📌 This is a simulated use case designed to illustrate how features can be used. The actual interface and workflow may differ slightly depending on the version.
Skip the Awkward "Who Pays?" Moment: Use Lucky Draw to Decide in 30 Seconds
The hardest part of group dining is rarely the math. It is that 30-second silence after the bill arrives when everyone waits for someone else to offer. Rock-paper-scissors feels juvenile, taking turns never survives past the second week, and the most senior person quietly pays again because nobody else steps up.
This case shows a short workflow in Paji Splitly: use Lucky Draw to randomly pick who pays, then the system opens the expense form with the winner already filled in as the payer. The whole sequence takes under a minute.
The point is not to replace generosity with randomness. It is to remove the decision bottleneck so the group can move on without anyone feeling singled out or pressured.
The Same Stalemate Every Friday
Last Friday a team of 6 spent 4 minutes debating who should cover the drinks. The same person ended up paying, again.

- 6 coworkers meet every Friday. One or two items each time (drinks, dessert, tip) are too small for a formal split but too awkward to ignore.
- Rock-paper-scissors was tried and abandoned after people started opting out.
- The goal is a method everyone accepts that takes less time than the argument it replaces.
The drinks bill was $540. Not a big number, but precisely because it is small, nobody wants to fight over it and nobody wants to volunteer either. That "not worth arguing but not willing to pay" zone is exactly where Lucky Draw works best.
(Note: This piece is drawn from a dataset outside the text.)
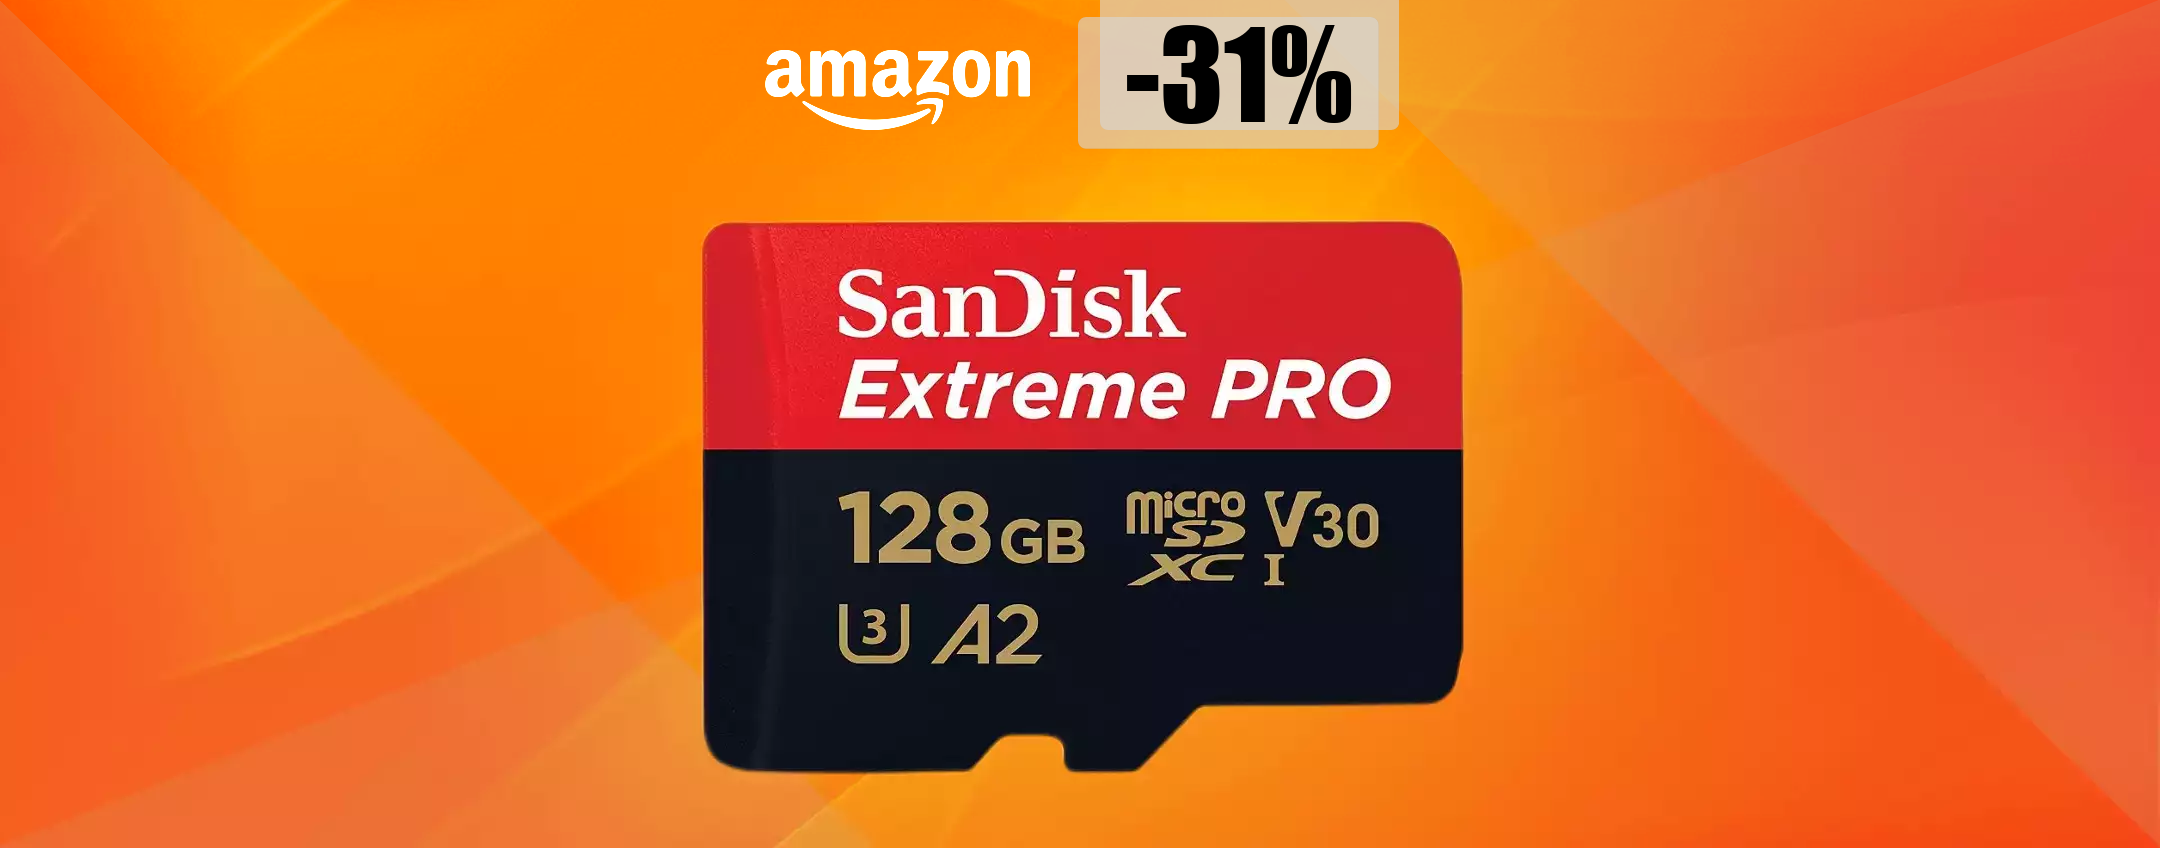 MicroSD SanDisk 128GB, un autentico FULMINE: ti bastano appena 34€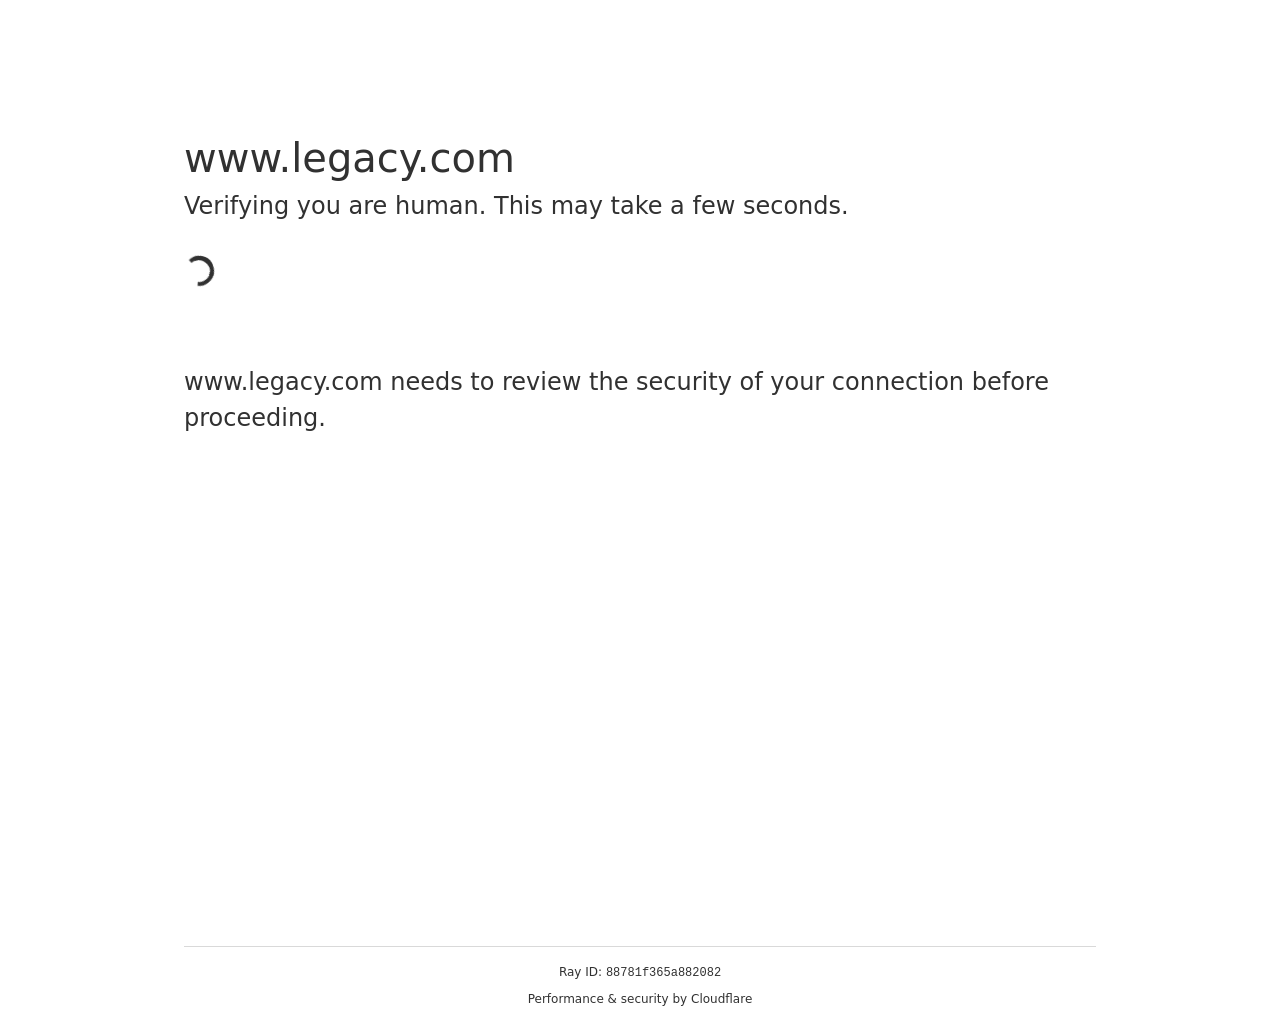 legacy.com

4 Steps from Tap to Recorded Expense
-
Open Lucky Draw Tap "Lucky Draw" on the bill page. The system lists all current participants. Takes about 5 seconds. No extra setup needed.
-
Tap draw and watch the result The system randomly selects one (or more) participants. After the animation, the screen clearly shows who was picked. For "who treats" scenarios, drawing one person is usually enough. For larger amounts, you can draw 2-3 to share the cost.
-
Confirm the amount and submit After the draw, the system automatically opens the expense form with the winner already set as the payer. Enter the amount, confirm participants, and submit. This skips the "draw first, then manually record" round-trip. One continuous flow.
-
Check results to confirm Once submitted, the settlement results page updates instantly. If this expense is a treat (payer = drawn person, participants = everyone), the settlement correctly shows that others owe nothing for this item.


Why Drawing Is Faster Than Discussing
- Nobody has to volunteer. The social pressure of "I guess I will pay" disappears.
- The result is system-generated. No human manipulation, no suspicion of bias.
- The draw flows directly into expense recording. No extra step to manually enter what was decided.
- Works for any situation where someone needs to pay but nobody should be forced to decide.
Beyond "Who Treats": Other Scenarios Worth Drawing For
- Drinks rotation: Weekly team lunch drinks decided by draw. Over time, everyone gets picked roughly equally. More reliable than trying to remember whose turn it was.
- Errand duty: Shared apartment needs someone to buy toilet paper or trash bags. Drawing takes 10 seconds, avoids the group chat debate.
- Small treats during trips: One person draws to buy ice cream, next stop someone else draws to buy coffee. Keeps the mood light, amounts small, nobody feeling cheated.
- Splitting a bigger tab among a few: If the amount is larger ($3,000 dinner main course), draw 2-3 people to share the cost instead of loading it on one person.
Three Things to Verify After the Draw
- Confirm the payer field shows the drawn person, not you. Because you are holding the phone, the system may default to the device owner.
- Confirm participant scope is correct. If someone is treating the whole table, participants should be everyone. If they are only covering their own portion, select accordingly.
- Let the drawn person glance at the amount before you submit. A 30-second check prevents after-the-fact disputes.
How to Get Everyone on Board
- Before the first draw, set expectations: "Drinks are on whoever gets drawn today. Everyone has an equal chance." Clear framing prevents pushback.
- When drawing, turn the phone screen toward the table. Letting everyone watch the animation together adds a fun ritual element.
- If someone gets drawn twice in a row, a verbal "you are exempt next time" works fine. The system does not track this, but social norms fill the gap naturally.
Simplicity Is the Whole Point
Lucky Draw is not a complex feature. Its value is turning "who should pay" from a 4-minute social negotiation into a 30-second tap. The simpler the process, the more likely people will use it again next week, and the less friction group dining creates over time.
Where Lucky Draw Goes Wrong
- Risk 1: Someone steps away right before the draw and gets picked while absent. They return and refuse to pay. Mitigation: confirm headcount verbally before drawing. Remove absent members from the list or agree on rules upfront.
- Risk 2: After the draw, the expense form gets dismissed without entering the amount. The draw happened but nothing was recorded. Mitigation: fill in the amount and submit immediately after drawing. Do not switch to chat or other screens first.